Commissioner of Education

= Zainab Lawal Gummi =

Commissioner for Women, Children and Social Development, Zamfara State

Zainab Lawal Gummi is the commissioner for Education of Zamfara State of Nigeria. She was appointed by governor Bello Matawalle.

== Career ==
Gummi has stated that she supports free access to education and gender equality. She also stated that their state was committed to ending all forms of child abuse such as destitution, trafficking and child labour. It would be achieved through traditional rulers and engagement of Islamic scholars to help guide the implementation of laws.

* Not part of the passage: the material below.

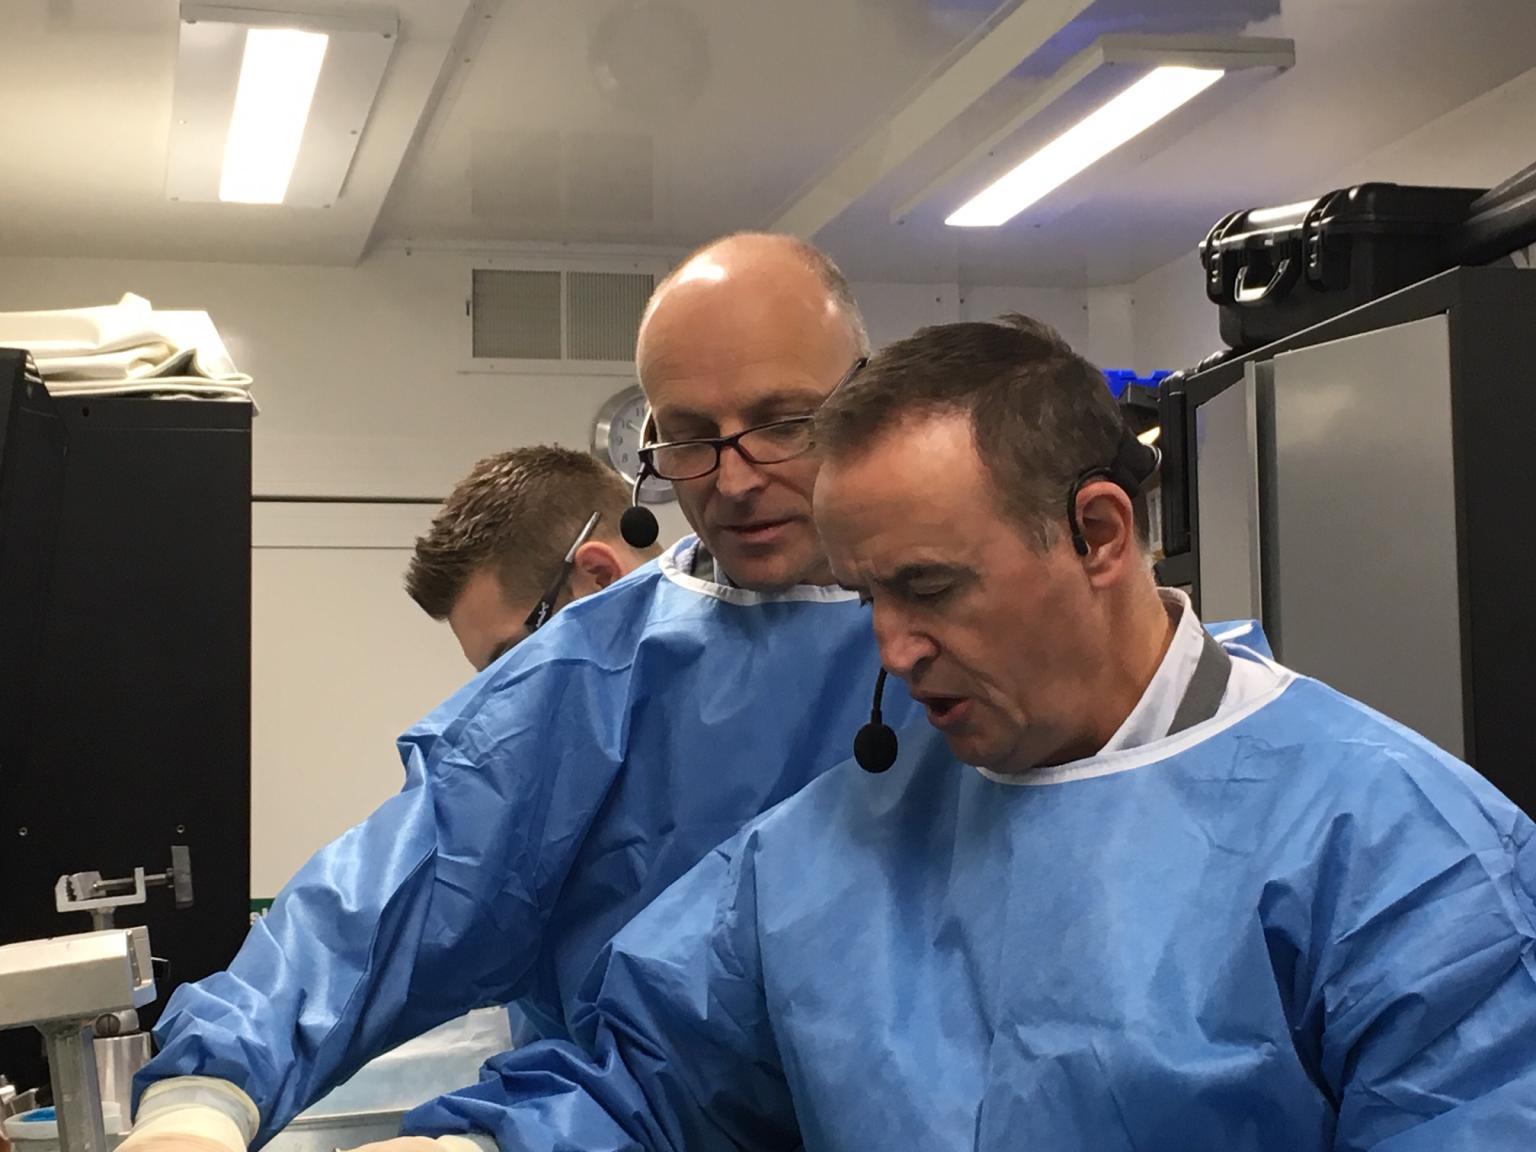 Surgeons in wet lab

== Gender-based violence and education advocacy ==
Zaninab as the Commissioner for women affairs and social development in zamfara state has fought against gender based violence, She urged people to give fair treatment and protection to women affected by gender based violence. She also urged communities and relevant stakeholders to support works that are aimed at protecting the rights and welfare of women across zamfara state. In March 2020, Gummi advocated for free access to education for girls in Zamfara State. She did this during activities marking the 2020 International Women’s Day, where she led a group of women on a courtesy visit to the Zamfara State deputy governor, Mahdi Aliyu Gusau. Where She appealed to the state government and other stakeholders to give more attention to girl-child education, healthcare, and women’s participation in public life.

== Advocacy for women participation in politics ==
In November 2022, expressed her happiness to the courts judgement involving Aisha Binani stating that the ruling of the court shows the people of this country that courts in Nigeria were ready to ensure justice wherever necessary and showed that women had become more active and influential in Nigerian politics. She stated that the development was an indication of the increasing acceptance of women in politics in Nigeria.